_TASK BRIEF:_
Apart from the images, reproduce every record word for word.
DATA EXTRACTS Block Start
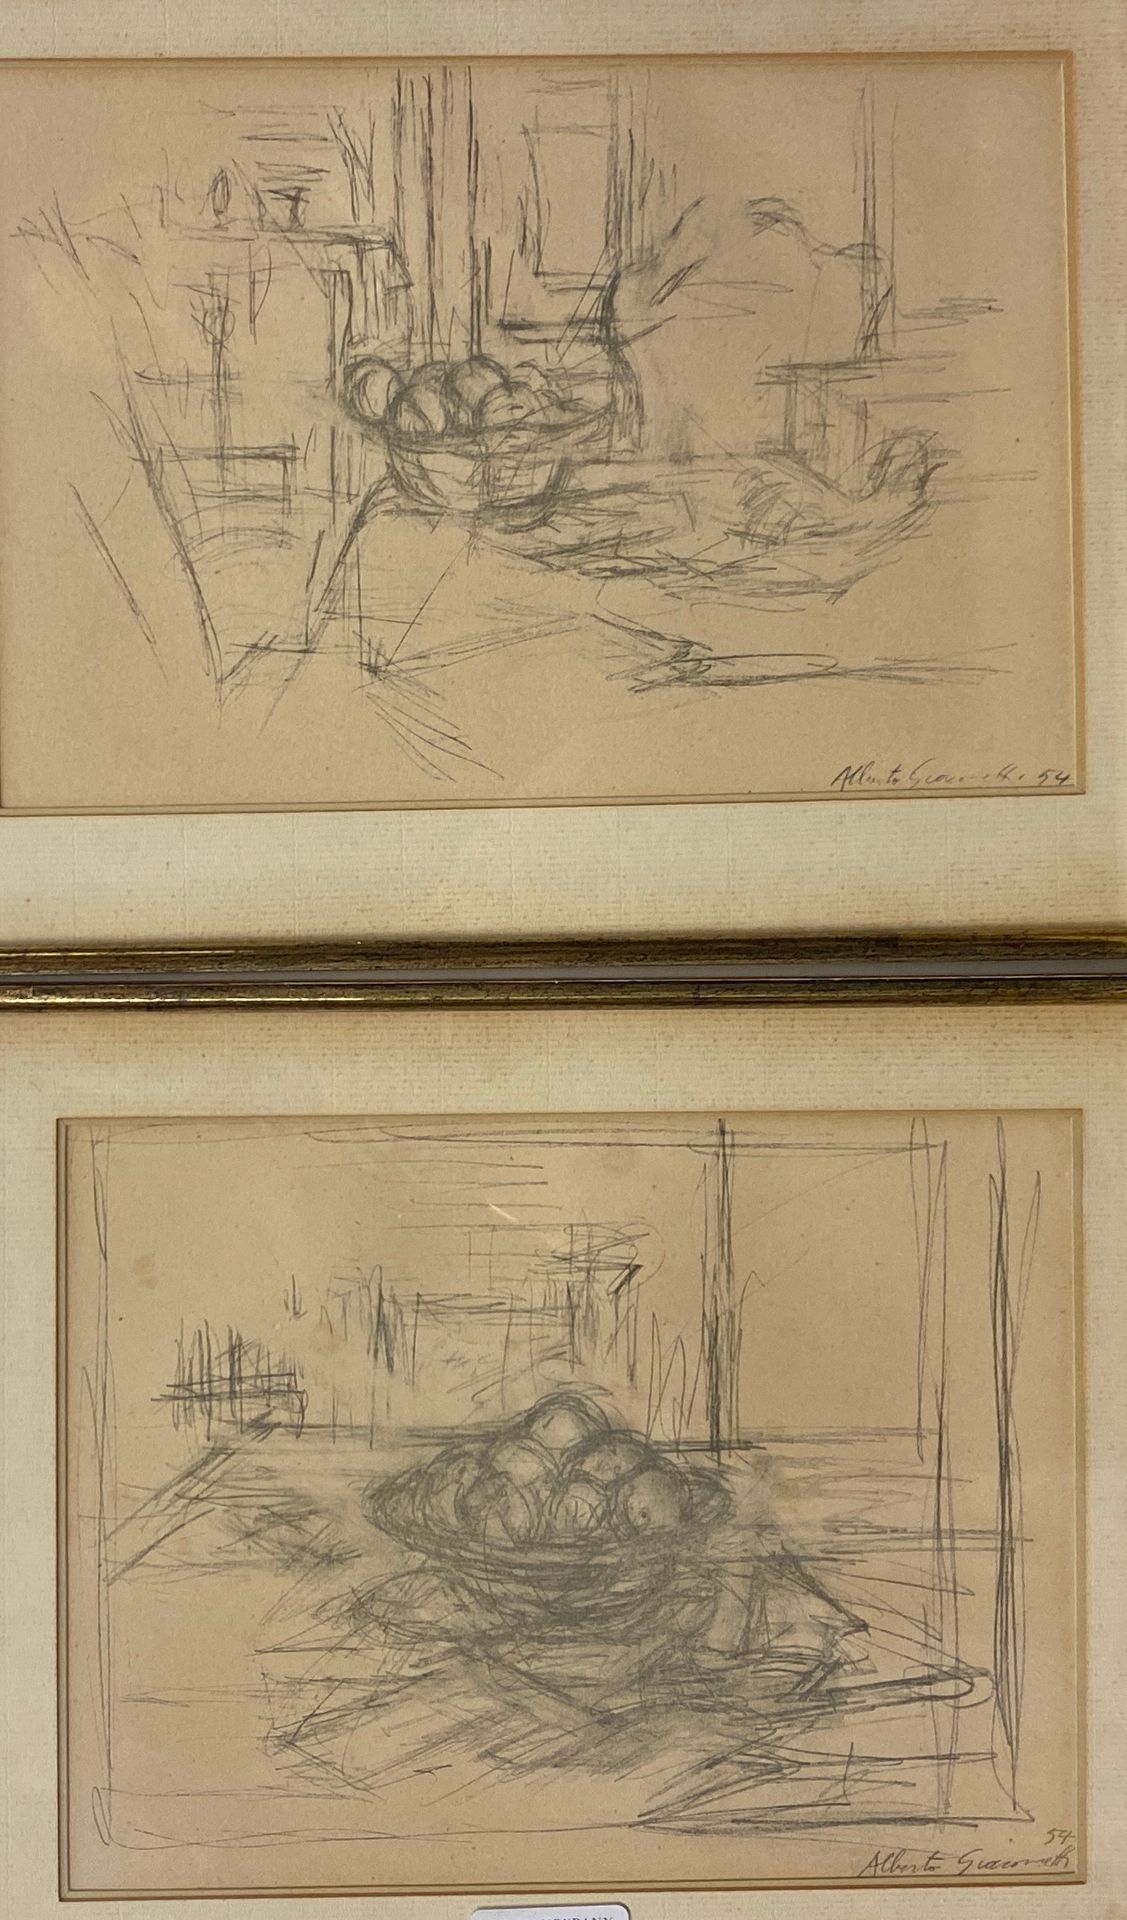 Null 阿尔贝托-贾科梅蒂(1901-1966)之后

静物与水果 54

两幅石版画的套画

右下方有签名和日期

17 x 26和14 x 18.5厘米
DATA EXTRACTS Block End
_SOLUTION TO THIS TASK:_
 Null 阿尔贝托-贾科梅蒂(1901-1966)之后

静物与水果 54

两幅石版画的套画

右下方有签名和日期

17 x 26和14 x 18.5厘米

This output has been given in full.